Archive for the ‘James Durham’ Category

James Durham – The Book is Out

March 14, 2015

This blog began in 2006 and was designed to support my academic study of James Durham. The part-time PhD on James Durham and the Free Offer of the Gospel was completed in 2012- followed by a nice graduation ceremony in 2013!

And now (finally!) the book based on the dissertation is in print. Right now James Durham (1622-1658): And the Gospel Offer in Its Seventeenth Century Context is available at amazon.  There is also a preview available at google books. Research and writing continue but it is only right to mark the end of a number of years work on Durham and the Gospel Offer and to put on record thanks to God for his sustaining grace (Ps 115:1).

978-3-525-55087-8

The Viva is Over … The PhD has been Awarded!

February 8, 2013

On Tuesday this week I was in Lampeter at the University of Wales Trinity St David. I was there to have my viva where I had to defend my dissertation “Reformed Thought and the Free Offer of the Gospel: With Special Reference to  The Westminster Confession of Faith and James Durham (1622-1658)”.  The outcome was the award of the PhD with no changes to the dissertation other than the  correction of typos- the end of 6 years hard study and writing! Soli Deo gloria!

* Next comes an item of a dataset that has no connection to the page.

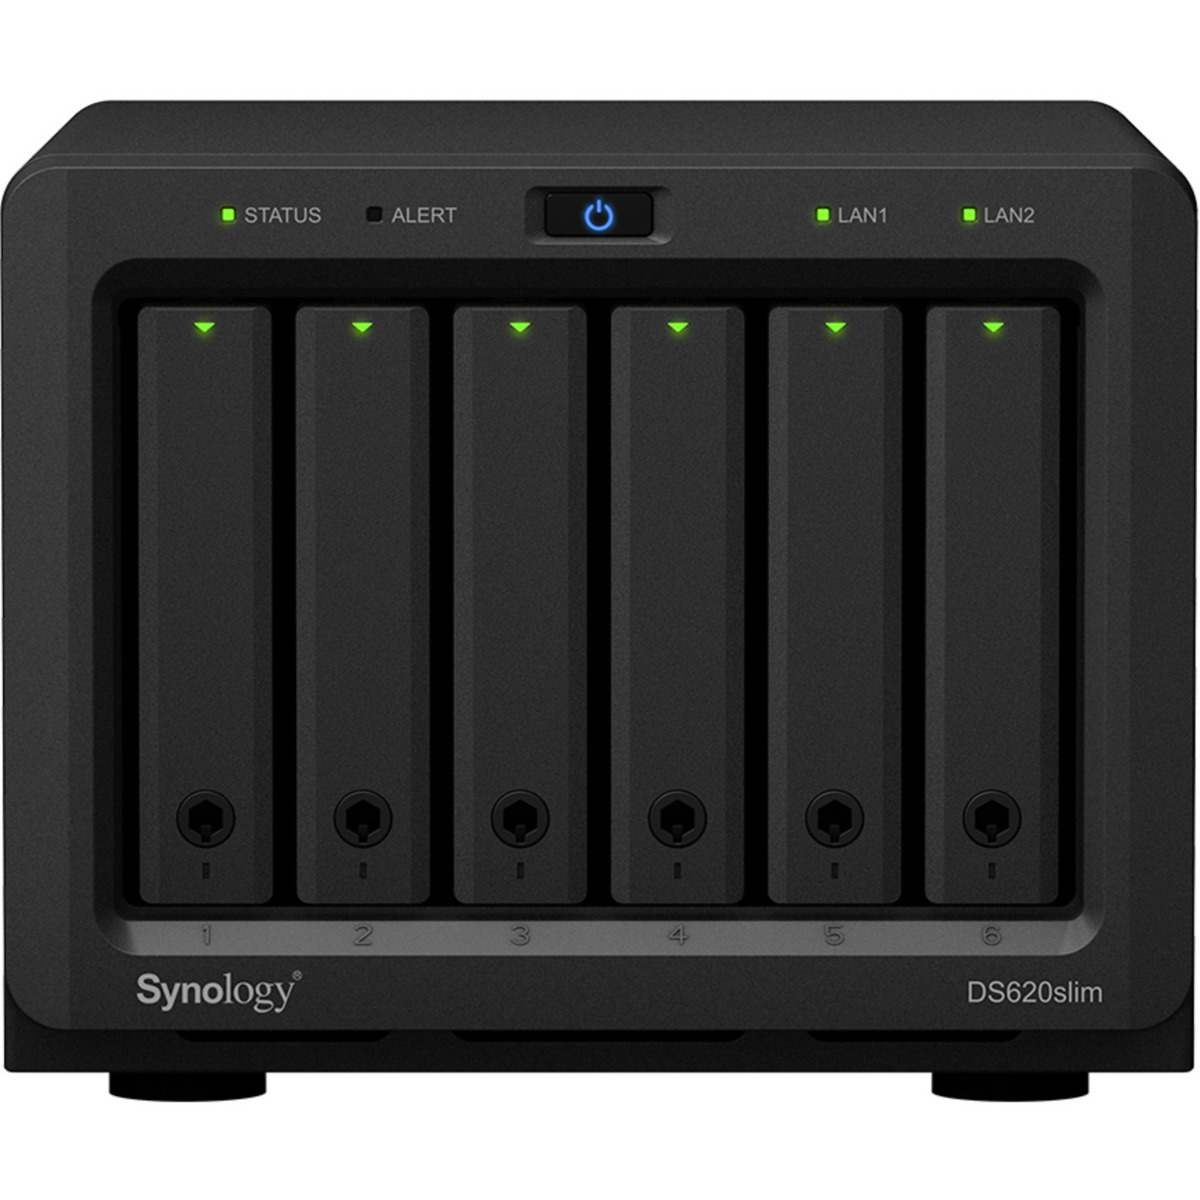 Synology DiskStation DS620slim 3tb 6-Bay Desktop Multimedia / Power User / Business NAS - Network Attached Storage Device 6x500gb Sandisk Ultra 3D SDSSDH3-500G 2.5 560/520MB/s SATA 6Gb/s SSD CONSUMER Class Drives Installed - Burn-In Tested - FREE RAM UPGRADE DiskStation DS620slim

The viva itself was a good experience.  I had been well prepared by my supervisor (Dr. Gwyn Davies) but he constantly emphasized you can never tell where the challenges are going to come from! In the event questions focused on:

  • How did the 17th C Reformed theologians make the case that a well meant gospel offer was consistent with a particularist soteriology?
  • Did they really in practice preach a well-meant gospel offer?
  • Why did I chose the three later controversies over the free offer that I did as evidence of “ongoing” disputes over the free offer? (I looked at the Marrow Controversy, the credal revision controversy in America leading up to the 1903 revisions to the Westminster Confession and the disputes over the “three points of common grace” in the Christian Reformed Church.)
  • Was James Durham’s theology sufficiently Trinitarian? Was it as Trinitarian as I claimed?
  • Had I given enough time to, and treated fairly enough, those who deny the Reformed tradition has held to a well-meant gospel offer?
  • What are the implications of a well-meant gospel offer for the doctrine of God?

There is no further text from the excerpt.